Теперь прошу внимания!
По утверждению старшего смены охраны – полковника И.В. Хрусталева, Сталин, проводив гостей, сказал ему буквально следующие слова: «Я ложусь спать. Вы тоже можете вздремнуть. Я не буду вас вызывать». После этого Сталин якобы ушел в малую столовую и прикрыл за собой дверь.
Именно этим «приказанием» Сталина охрана и члены Политбюро впоследствии объясняли тот факт, что до 10 часов вечера следующего дня никто из них не «замечал», что охраняемый глава Великой державы не подает признаков жизни.
Конечно, ничего подобного сказать охране Сталин не мог.

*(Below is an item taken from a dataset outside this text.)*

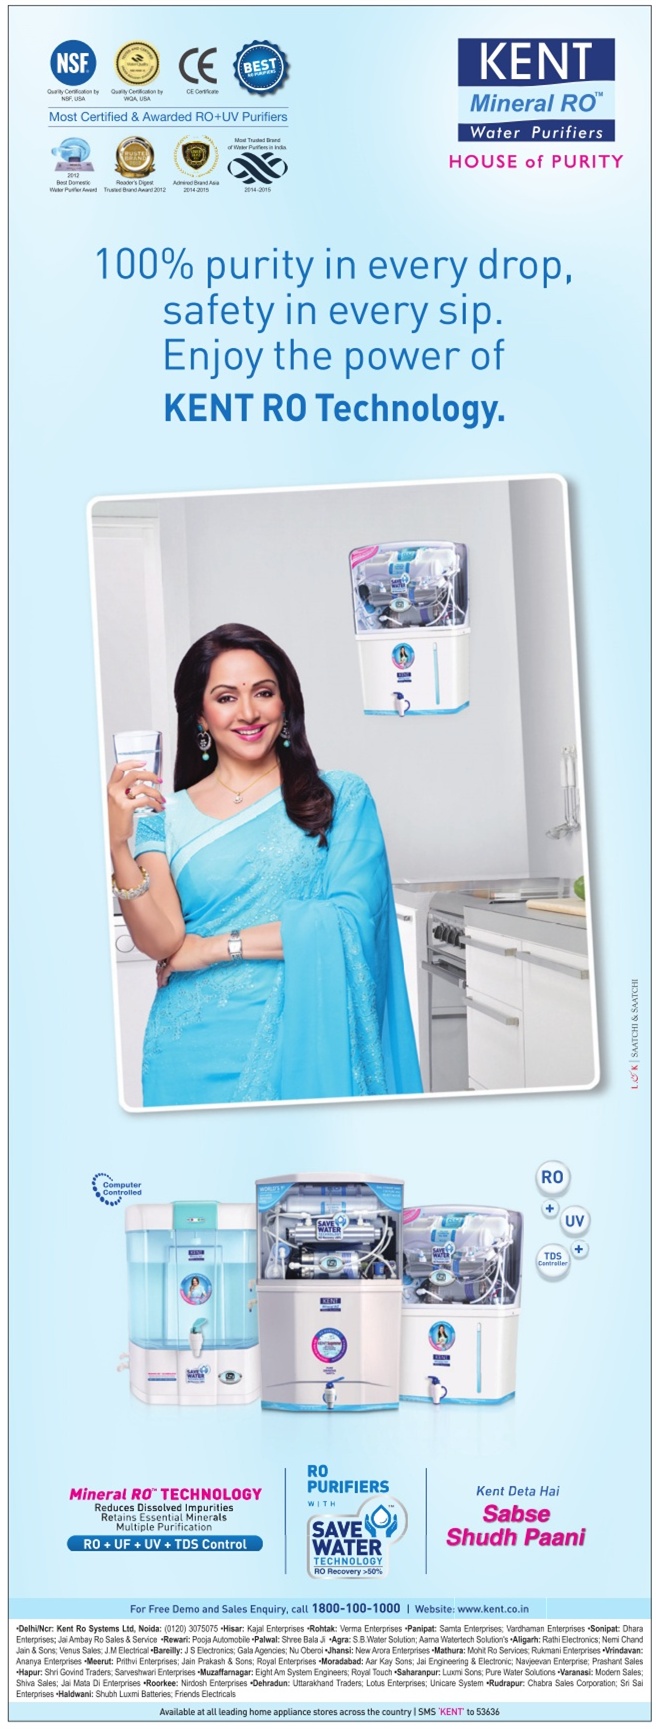 kent-mineral-ro-water-purifiers-ad-toi-del-10-6-2017

Только нынешние русские «олигархи» помыкают охранниками, как оловянными солдатиками, могут даже выстрелить в кого-то из них на охоте, словно они борзые собаки. Это такая современная ментальность – ведь купленные охранники действительно, в буквальном смысле стерегут тело хозяина. Сталин был человеком совсем другого склада – он прекрасно понимал, что Управление охраны МГБ охраняет не его тушу, а главу Советского государства , причем делает это не в соответствии с прихотями Сталина, а согласно правилам, утвержденным Министерством государственной безопасности СССР. Сталин отдавал себе отчет в том, что у охранников своя служба, свой устав и руководство, перед которым они несут суровую ответственность за надлежащее исполнение обязанностей.

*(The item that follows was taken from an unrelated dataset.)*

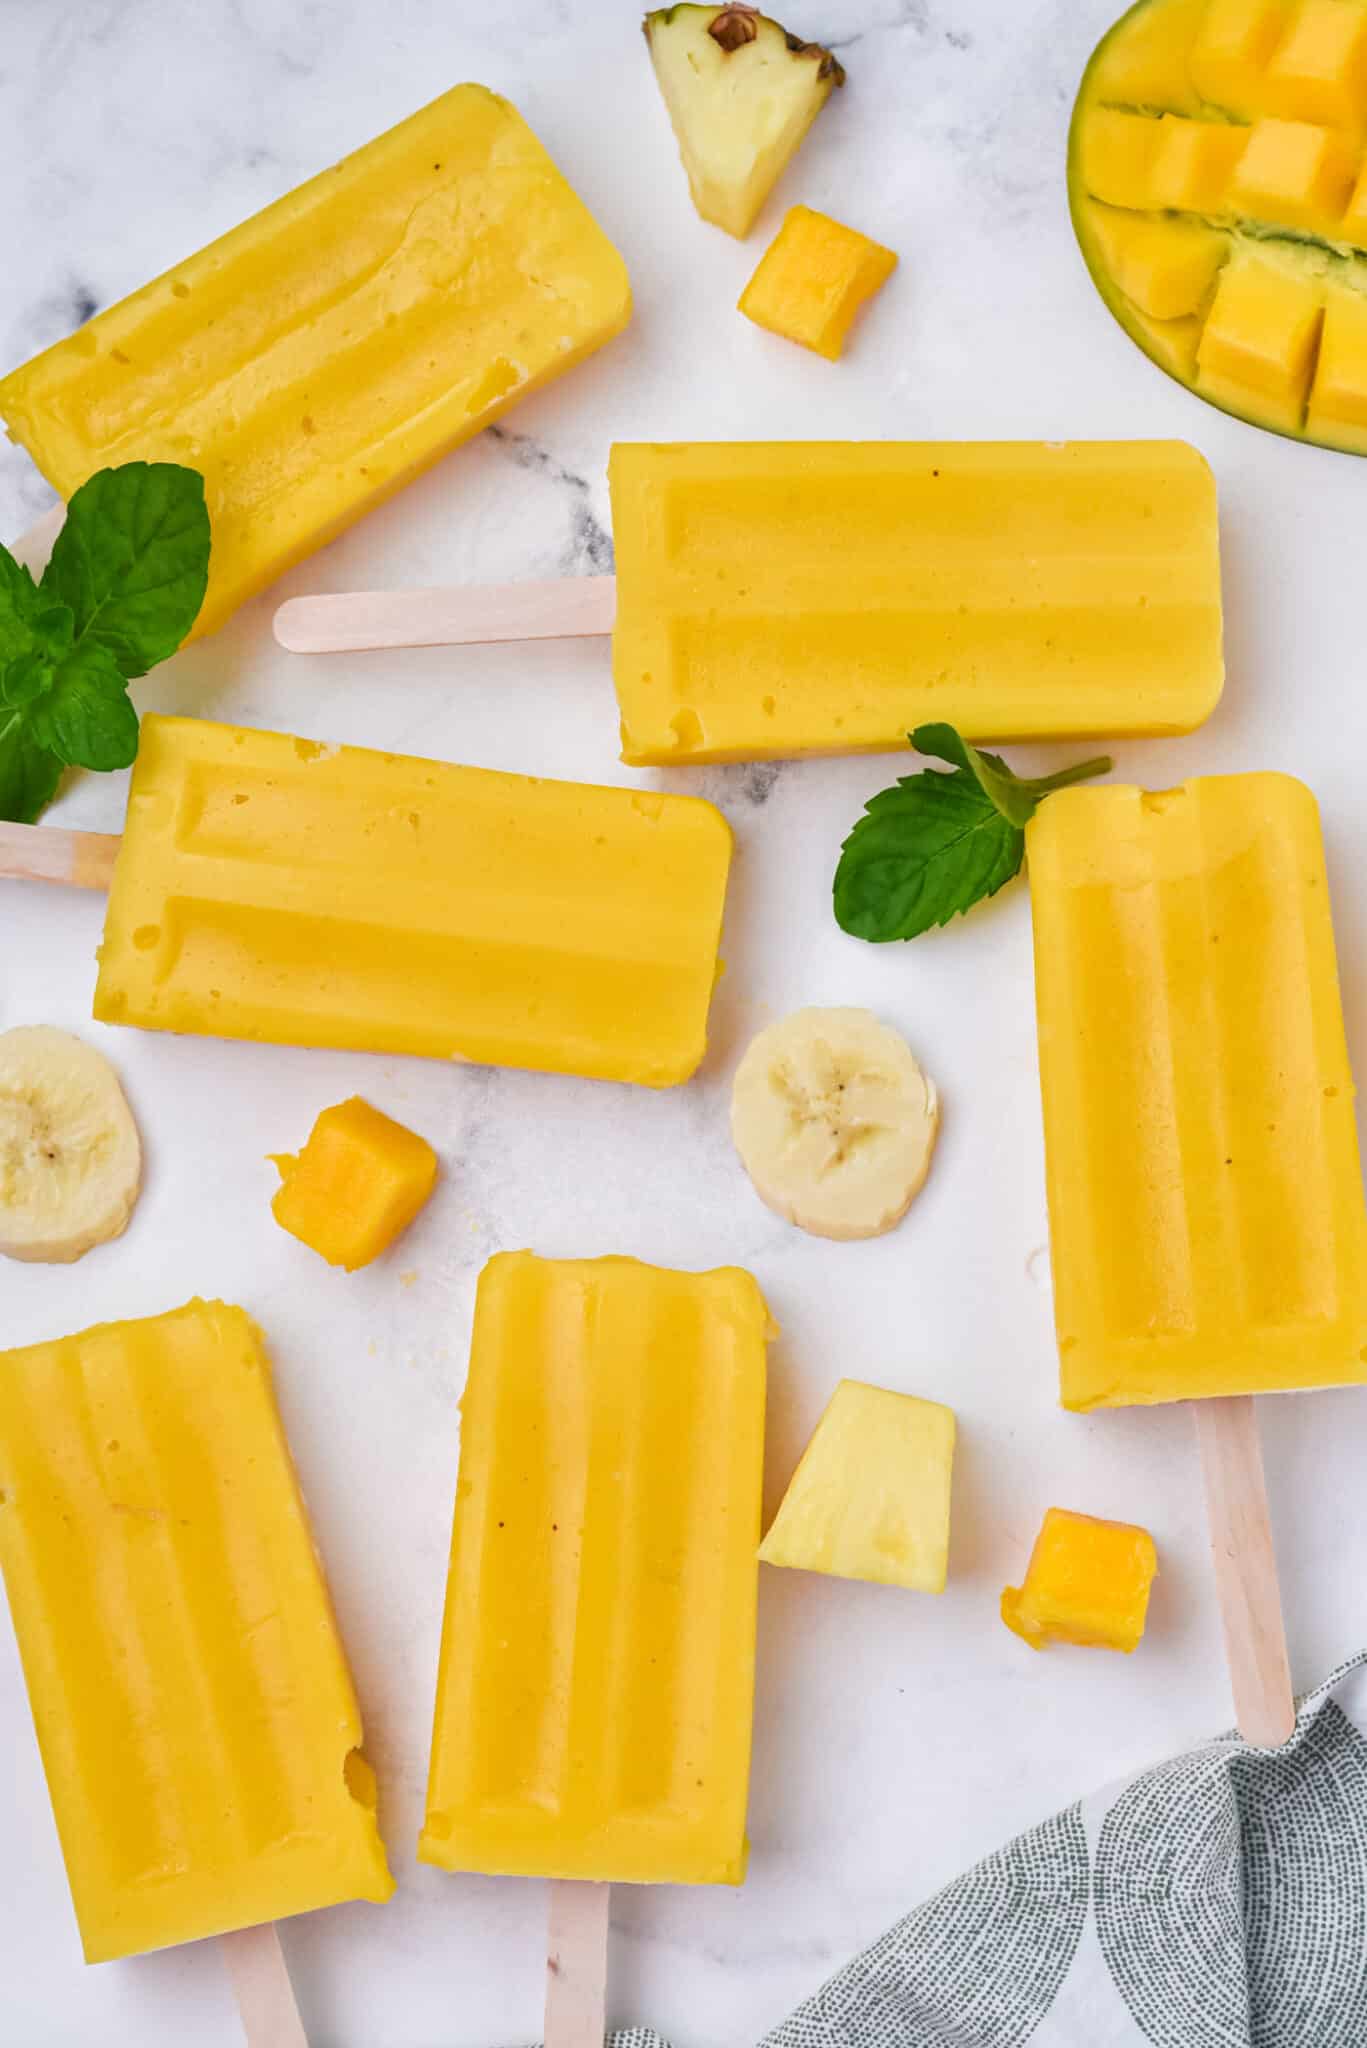 Mango popsicles set out on a white marble surface.

Это целиком подтверждают воспоминания многолетнего сотрудника сталинской охраны Алексея Рыбина, рассказавшего в свое время Феликсу Чуеву очень характерную историю. После смерти Жданова на Ближней даче были устроены поминки, на которых Сталин изрядно выпил (по утверждению его охраны, с 1930 по 1953 год Сталин находился в таком состоянии всего дважды – на поминках Жданова и на дне рождения генерала С.М. Штеменко).
Уезжая вечером домой, Молотов наказал Старостину: «Если Сталин соберется ночью поливать цветы, не выпускай его из дома. Он может простыть».
Да, уже сказывались годы. Сталин легко простужался, частенько болел ангиной. Поэтому Старостин загнал ключ в скважину так, чтобы Сталин не мог открыть дверь. Впустую прокряхтев около нее, Сталин попросил:
– Откройте дверь.
– На улице дождь. Вы можете простыть, заболеть, – возразил Старостин.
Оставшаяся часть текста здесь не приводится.